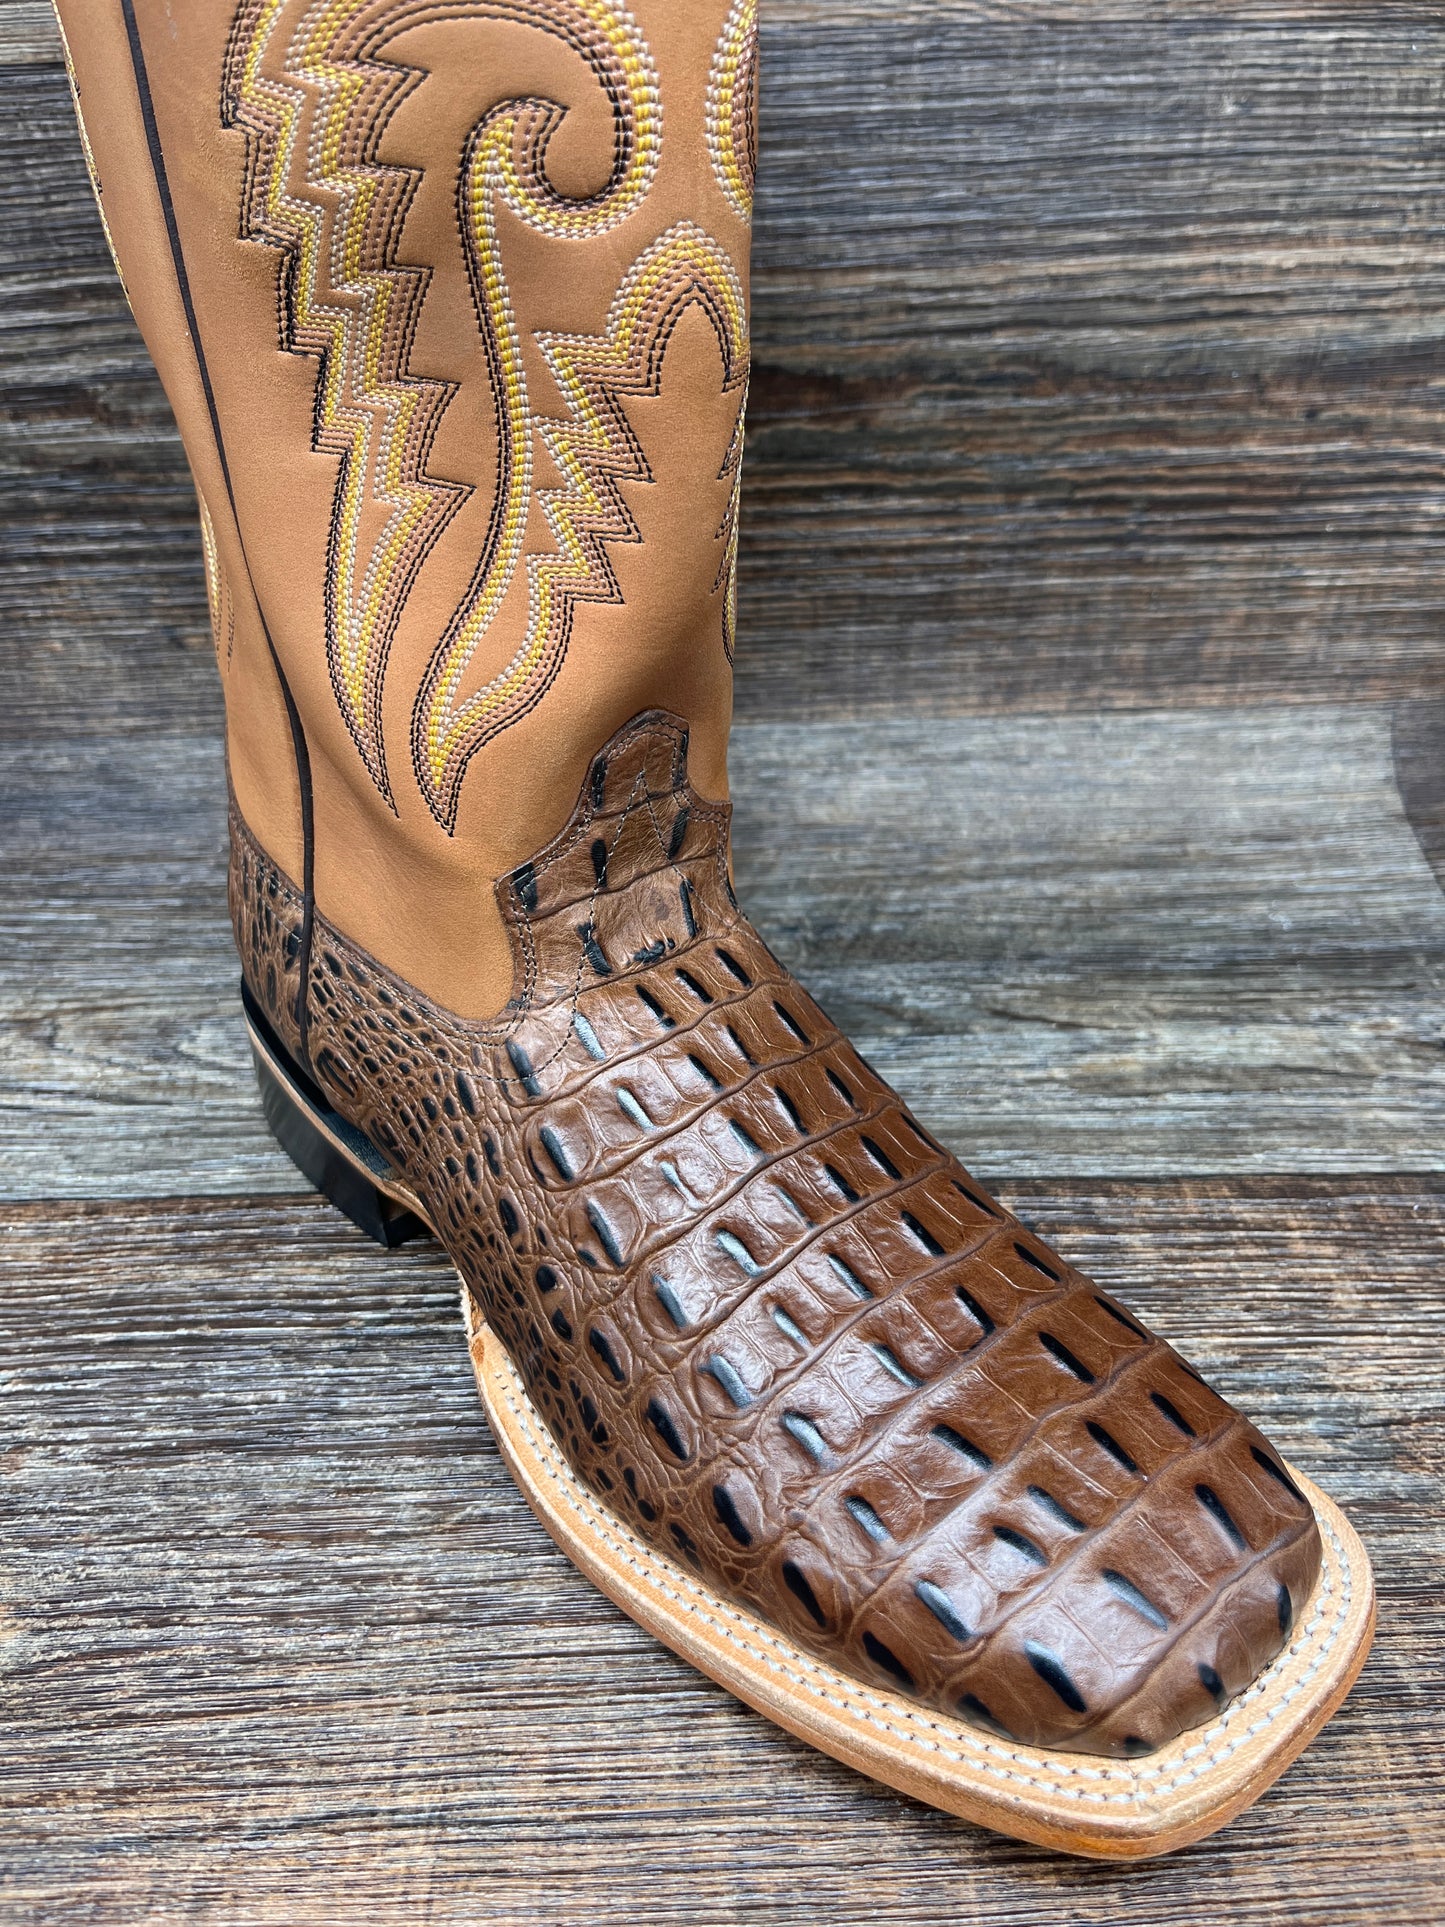 bsm1886 Men's Cowhide Alligator Print Square Toe Western Boots by Old West
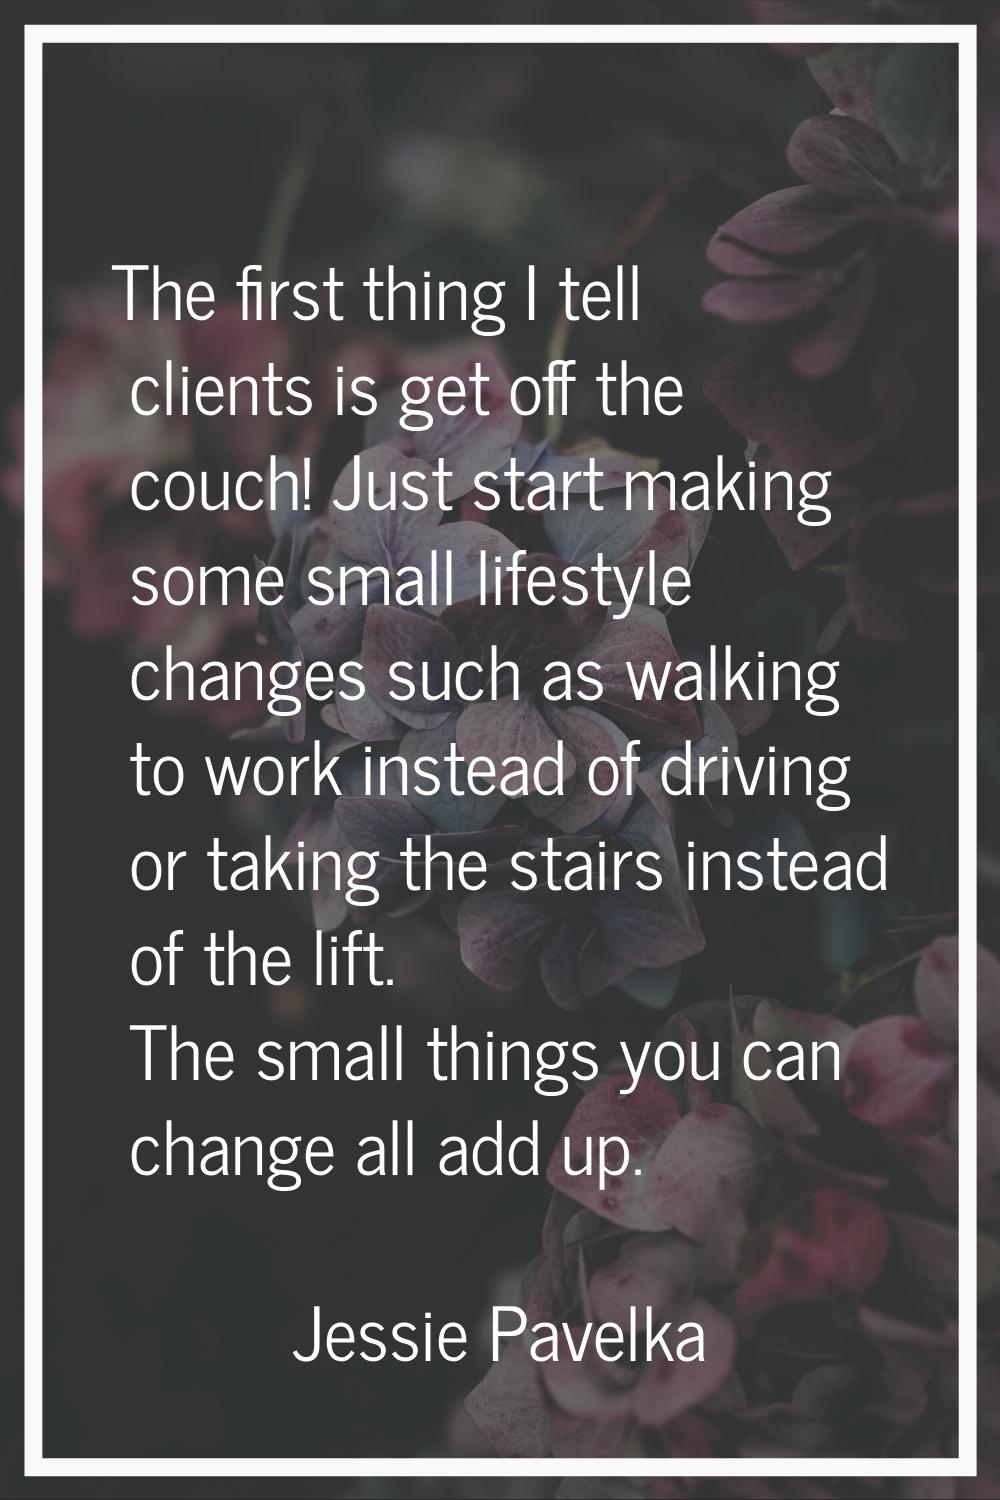 The first thing I tell clients is get off the couch! Just start making some small lifestyle changes
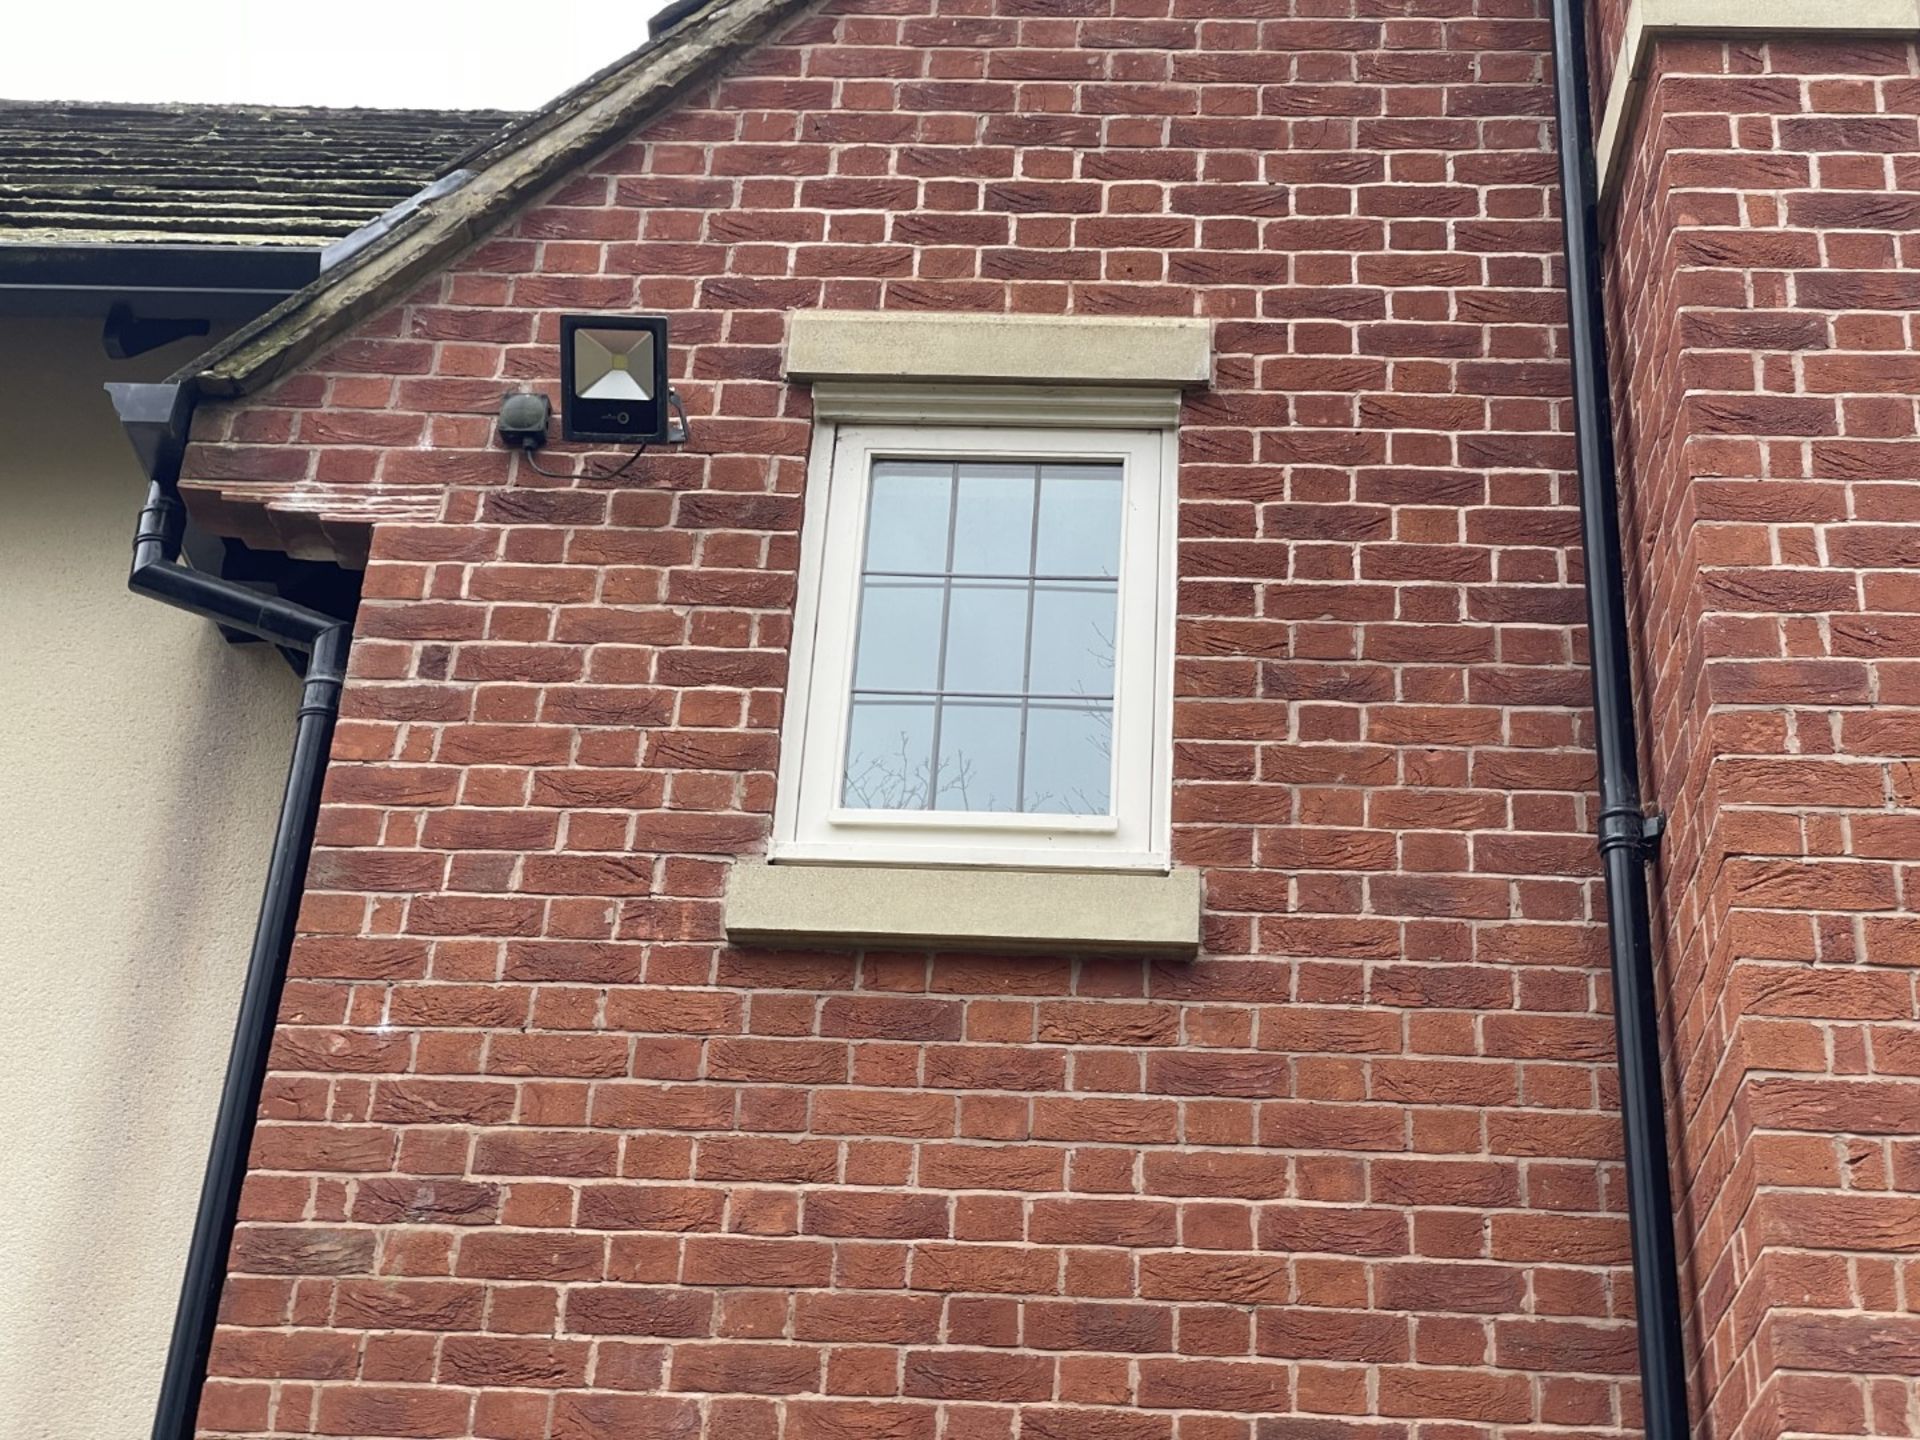 1 x Hardwood Timber Double Glazed & Leaded Window Frame - Ref: PAN216 - CL896 - NO VAT ON THE HAMMER - Image 8 of 12
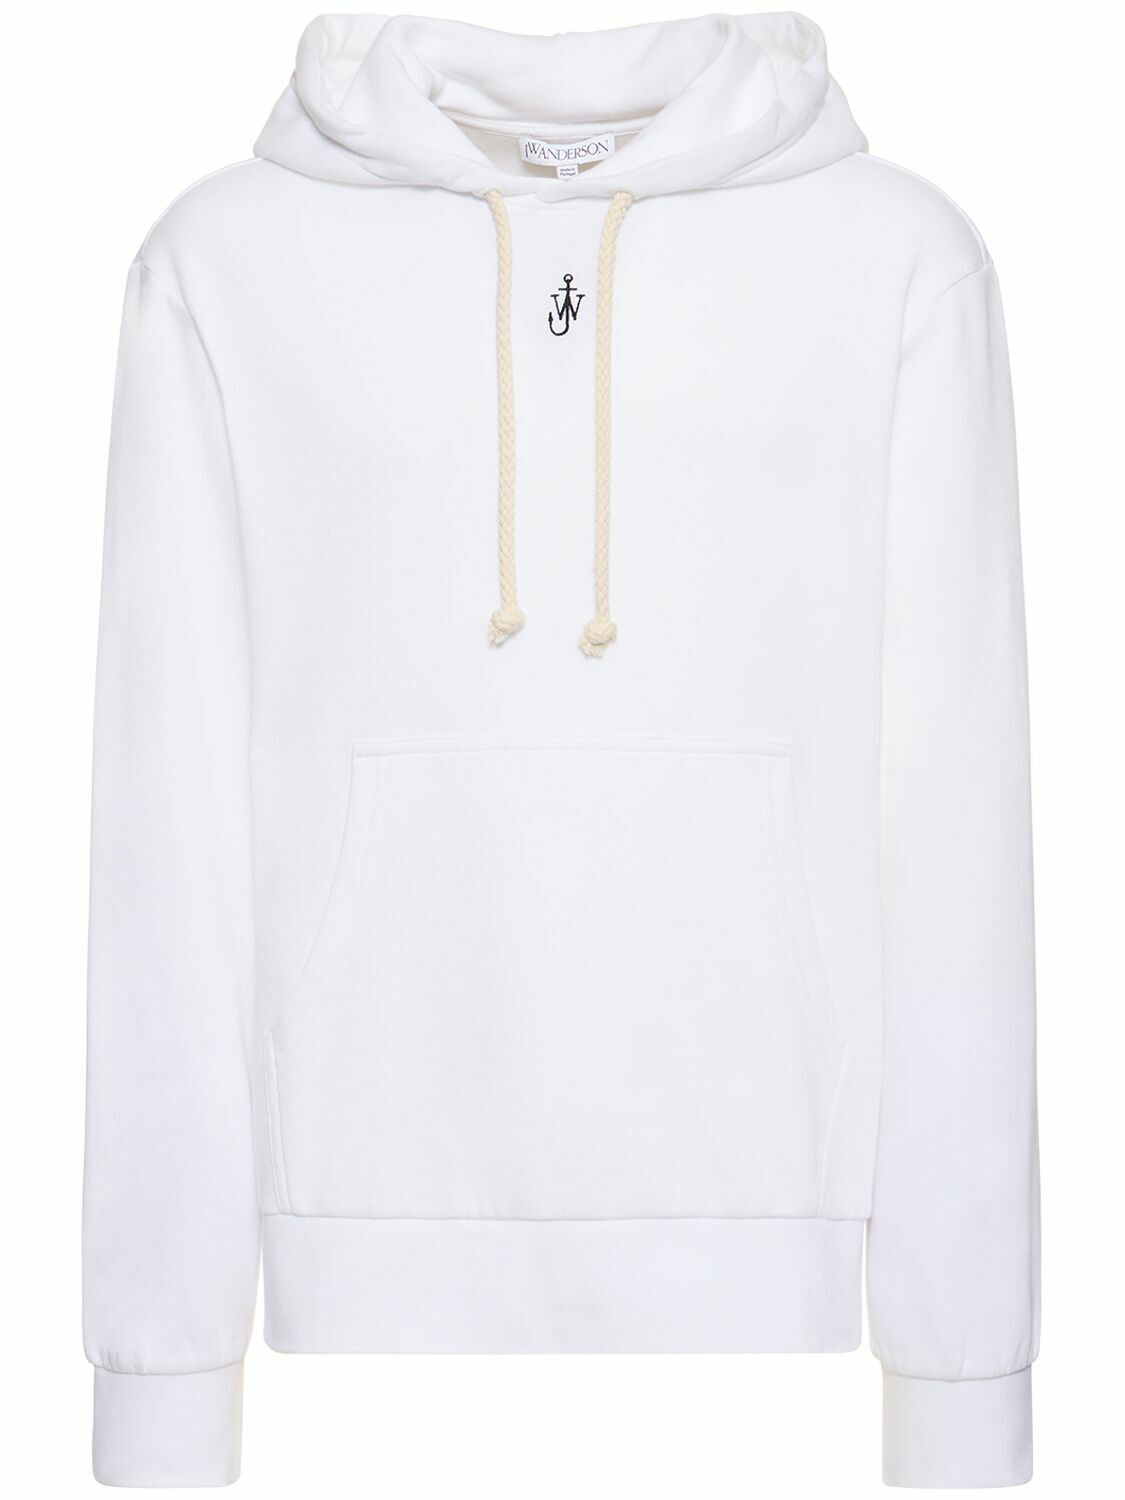 Photo: JW ANDERSON - Logo Embroidery Cotton & Silk Hoodie

> [Activity]: All of the data above needs to be retyped exactly, with the pictures removed.

> [Answer to the problem]:
 bsm1886 Men's Cowhide Alligator Print Square Toe Western Boots by Old West
 The first thing I tell clients is get off the couch! Just start making some small lifestyle changes
 1 x Hardwood Timber Double Glazed & Leaded Window Frame - Ref: PAN216 - CL896 - NO VAT ON THE HAMMER - Image 8 of 12
 Photo: JW ANDERSON - Logo Embroidery Cotton & Silk Hoodie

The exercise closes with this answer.